On ne sait pas où notre ville serait si ce n'était des travailleurs de première ligne sous-payés et sous-estimés dans le domaine des soins de santé et des services essentiels.

Médecins, infirmières, aides-soignants, techniciens, administrateurs, équipes d'entretien, nettoyeurs, travailleurs des sites d'essai, personnel de soutien — nous vous remercions pour votre dévouement envers nos proches. Pour les sacrifices que vous avez faits pour maintenir la population de notre ville en bonne santé. Pour avoir risqué vos propres vies pour sauver les nôtres. Pour avoir fait preuve de courage et de détermination face à une crise sanitaire et à une grave pénurie de collègues. Merci d'être notre flambeau d'espoir.

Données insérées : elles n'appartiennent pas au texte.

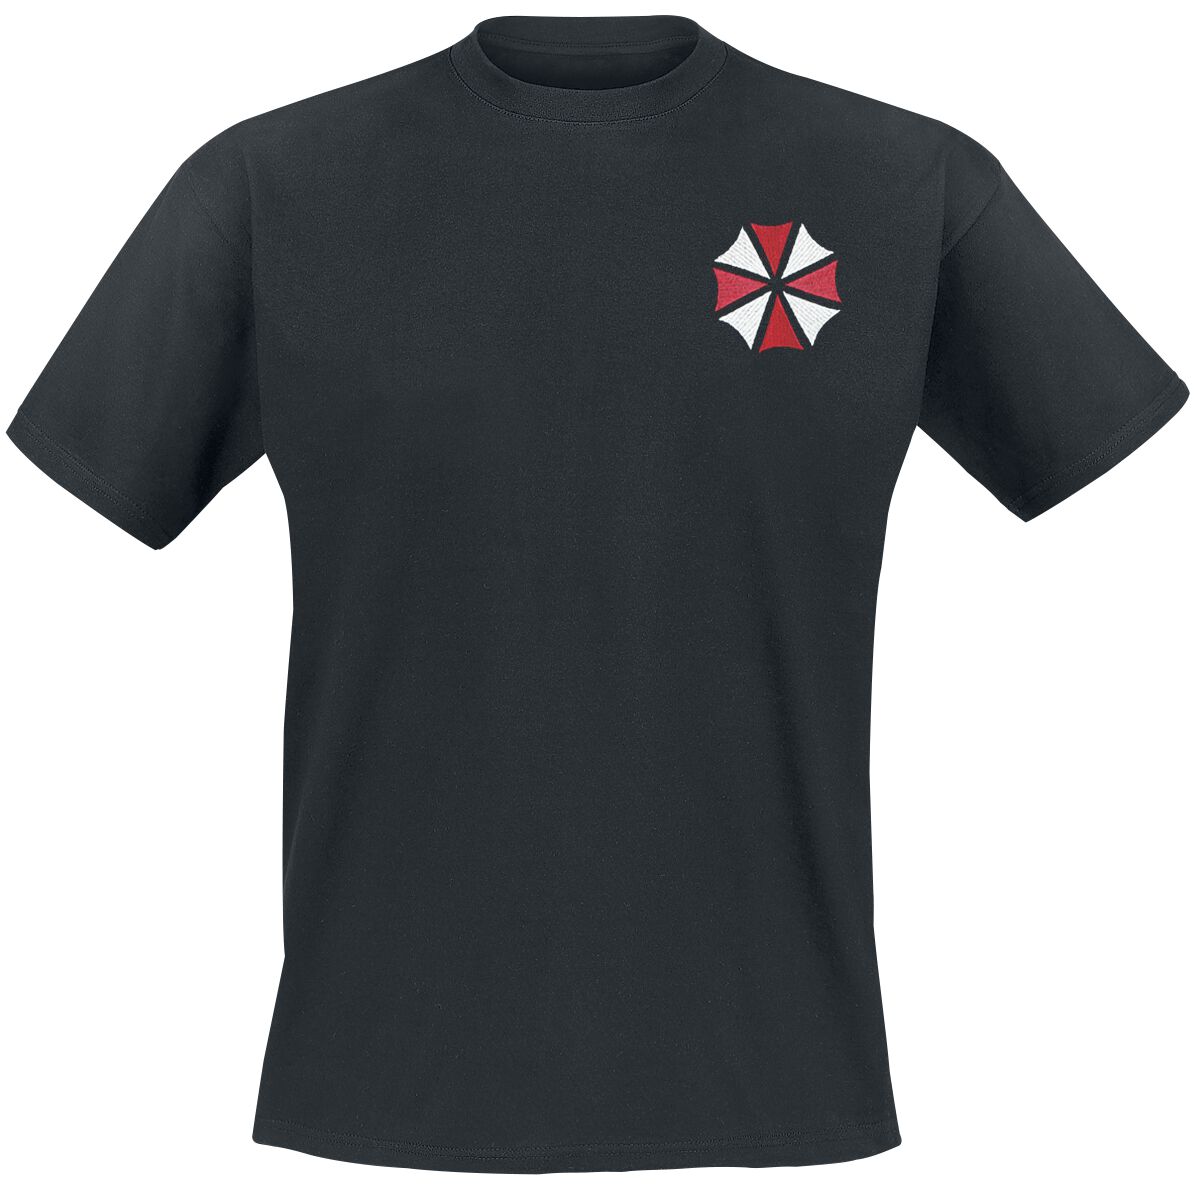 Resident Evil - Gaming T-Shirt - Umbrella Co. - Our Business Is Life Itself - L bis XXL - für Männer - Größe XL - schwarz

Les travailleurs des transports en commun, les approvisionneurs d'épiceries, les caissiers de magasins, pharmacies, stations-service et banques, les livreurs, les baristas, les bénévoles des refuges pour sans-abri et des banques alimentaires, et tous ceux qui occupent des emplois au salaire minimum avec une rémunération limitée, voire inexistante, en cas de danger. Il est impossible de négliger la façon dont vous avez permis aux autres de s'isoler et de se réapprovisionner en nourriture et produits essentiels.

Nous sommes en vie grâce à nos travailleurs de la santé;
nous vivons grâce à nos travailleurs essentiels!

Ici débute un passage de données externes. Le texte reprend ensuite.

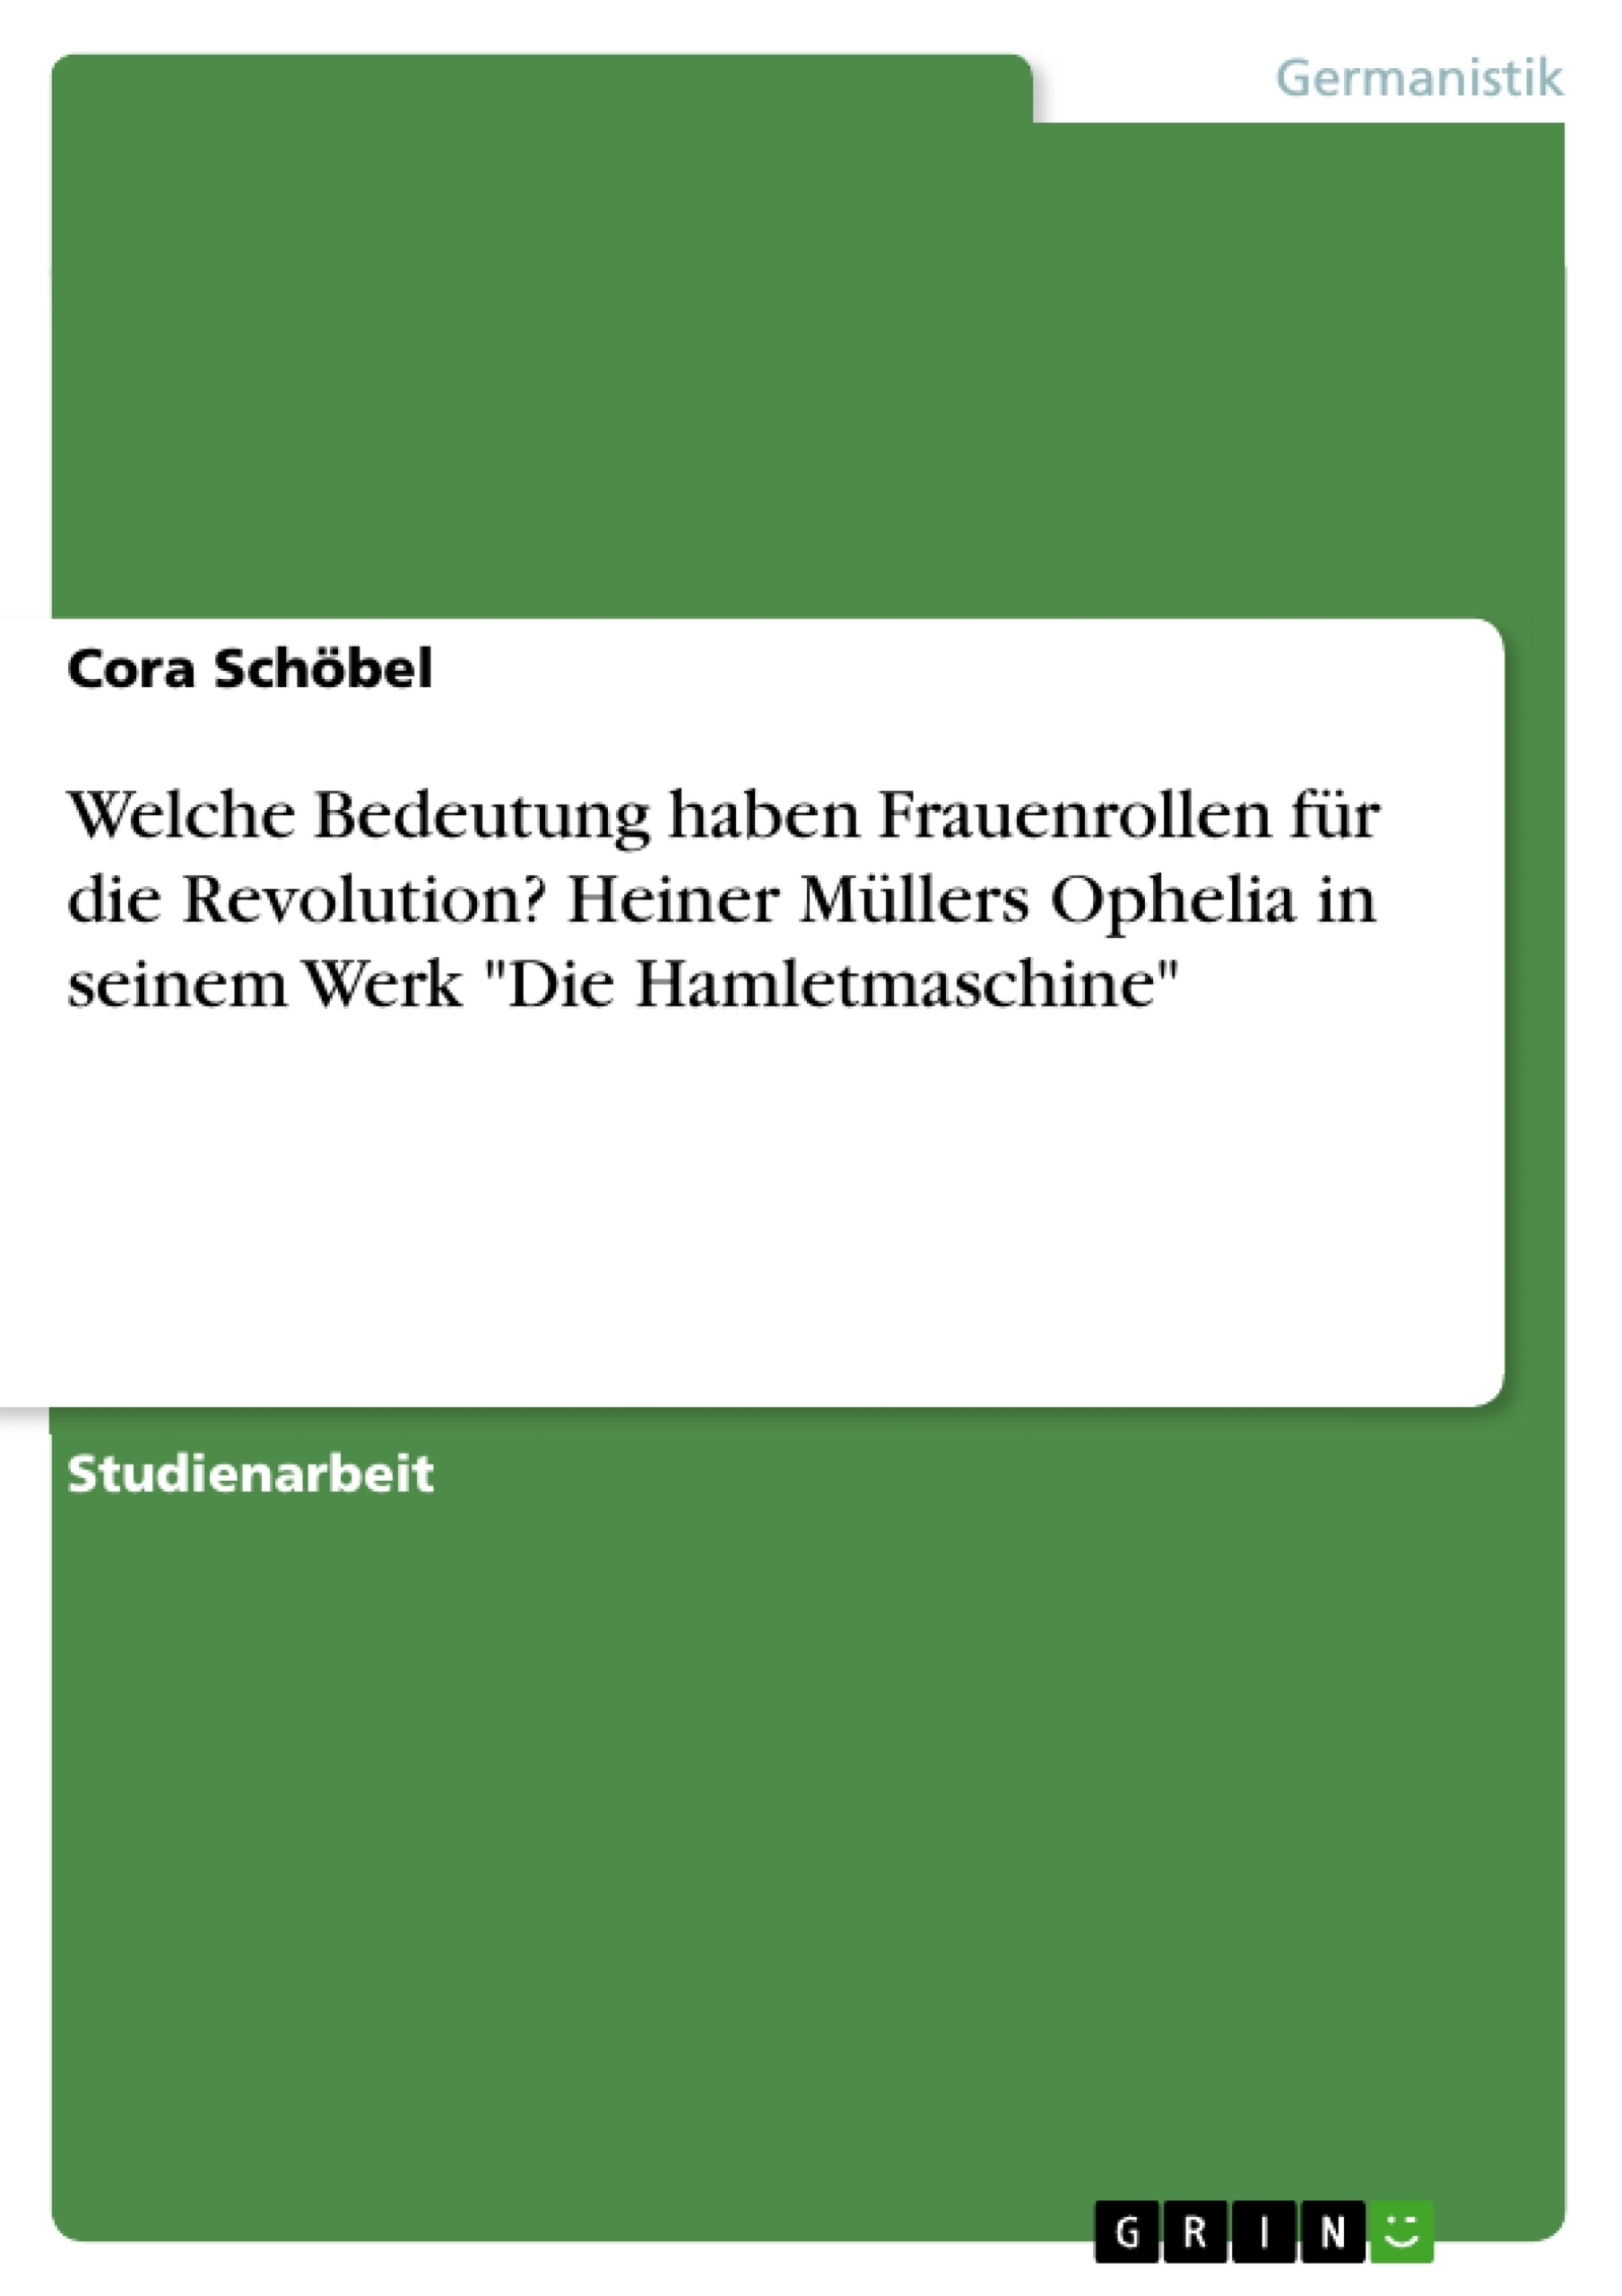 Título: Welche Bedeutung haben Frauenrollen für die Revolution? Heiner Müllers Ophelia in seinem Werk "Die Hamletmaschine"

Lisez ce qui suit pour avoir un aperçu de ce que nos professionnels de la santé ont fait pendant notre isolement, souvent dans le confort de leur propre maison et avec leur famille. Trop de nos héros n'ont même pas le luxe d'être avec leur famille, de peur de les exposer au virus. Mais sans les personnes qui travaillent dans les hôpitaux et les fondations, nous n'aurions pas les unités COVID au CUSM, gracieuseté de la Fondation de l'Institut thoracique de Montréal, ni le Fonds d'urgence en santé mentale pédiatrique de la Fondation de l'Hôpital de Montréal pour enfants ou les écrans faciaux de qualité médicale du groupe d'experts du Neuro.

Restez en sécurité

Au moment de la réouverture de la province, il faut se méfier de la diminution des efforts que nous avons déployés pour assurer notre sécurité mutuelle par l'intermédiaire de la mise en quarantaine et de la distanciation sociale. Nous avons tous été privés d'interactions sociales, mais nous ne sommes pas encore sortis de l'auberge. Continuez les soupers séparés d'une clôture avec les voisins et les FaceTime avec grand-mère, maintenant qu'elle a appris à le faire. Conservez les leçons tirées de cette pandémie : la valeur de la vie, l'importance de la santé mentale, la joie des plaisirs simples et les pouvoirs de guérison des câlins de maman. Maintenez ces nouveaux liens sociaux en vie et continuez à aider bien après la fin de la pandémie. Suivez l'exemple de nos héros de première ligne... et passez au suivant.